Do you know why Anna Torv got a girlfriend story arc this season? Why we’ve been getting to know Lauren Glazier since the first episode? Is it to give Torv some character development? Because… there isn’t any. I mean, not enough—given how all of the characters function when they’re at work—so not enough to matter. Not enough you couldn’t have removed Glazier’s scenes from every episode and it wouldn’t be any different in the end. The end being as “Mindhunter” intensifies the Atlanta Child Murder case; see, Hoyt McCallany and Jonathan Groff are really doing the first on the ground BSU consult. It’s “Criminal Minds: Year Zero.” And, you know, actually good. And also historical, which is its own thing.
There’s time in the episode for McCallany to go home and check in on wife Stacey Roca, who’s amazing this episode, and son Zachary Scott Ross, who speaks for the first time in what seems like seven episodes. There’s a nice bit of bonding between McCallany and Ross, maybe the first fatherly bit from workaholic McCallany; hopefully it’ll lead to more someday. It works well.

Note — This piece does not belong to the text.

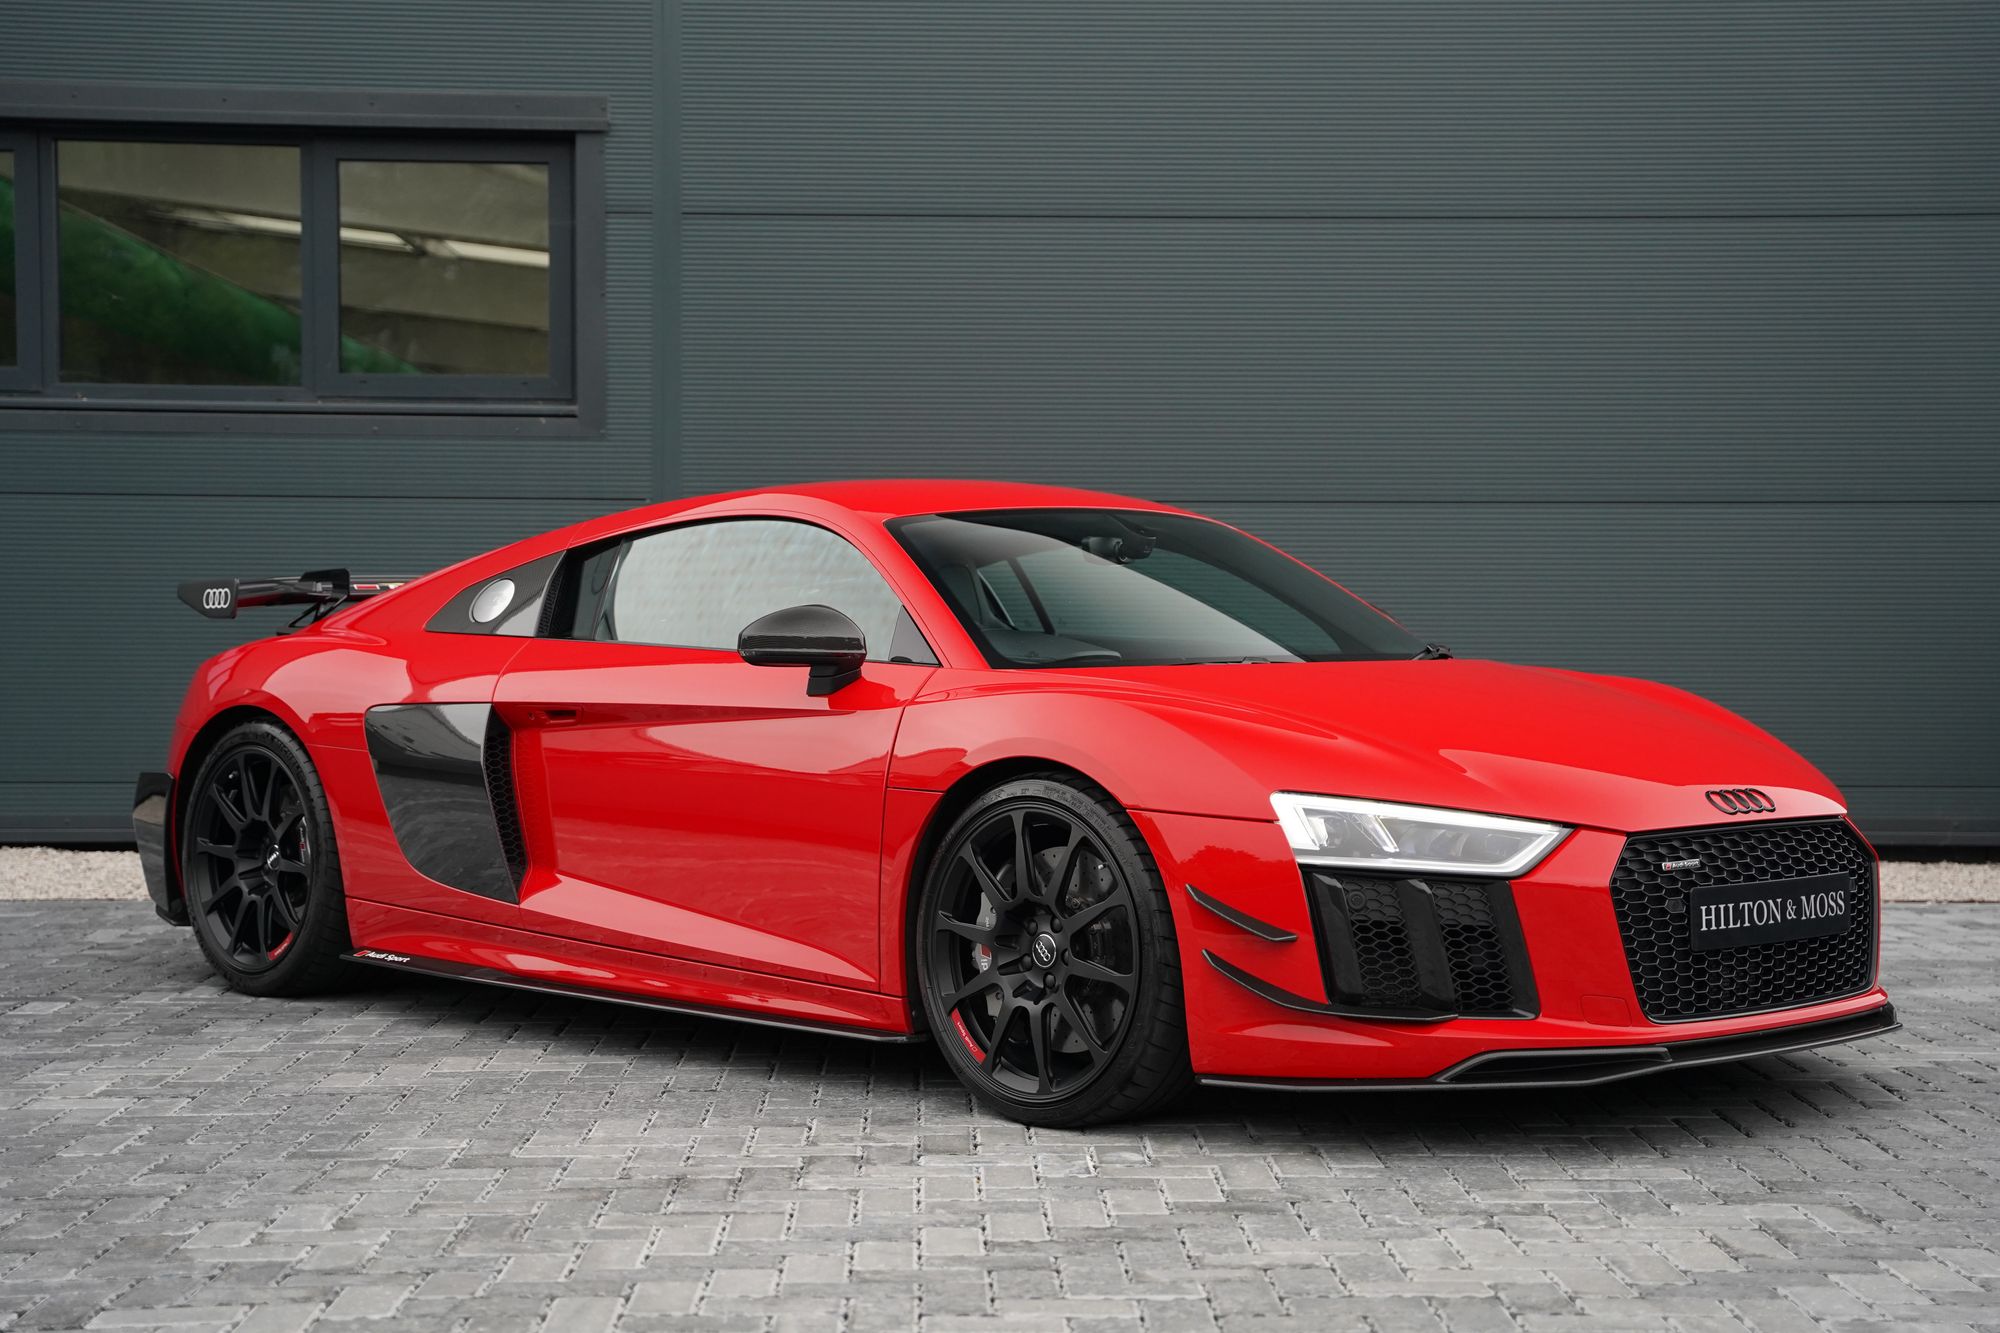 2018 Audi R8 V10 Plus 'Performance Parts' Edition Previously Sold

And Groff gets to check in with fetching Black girl Sierra Aylina McClain, possibly sending her the signals but who knows because Groff’s so weird. The most impressive thing about “Mindhunter,” this episode anyway, is how awesome a serial killer investigation movie they make. A “true” one. But it’s very interesting how they’ve kept Groff weird but also backed up the narrative distance on him; he doesn’t get to express his internal life this season. It’s weird. And they foreshadowed it in the second episode.
Maybe it’ll be part of the inevitable season-ending cliffhanger… just one left, after all.
It’s a fantastic hour of television, even if it does turn the second season of “Mindhunter” into a preamble for an awesome serial killer two-parter.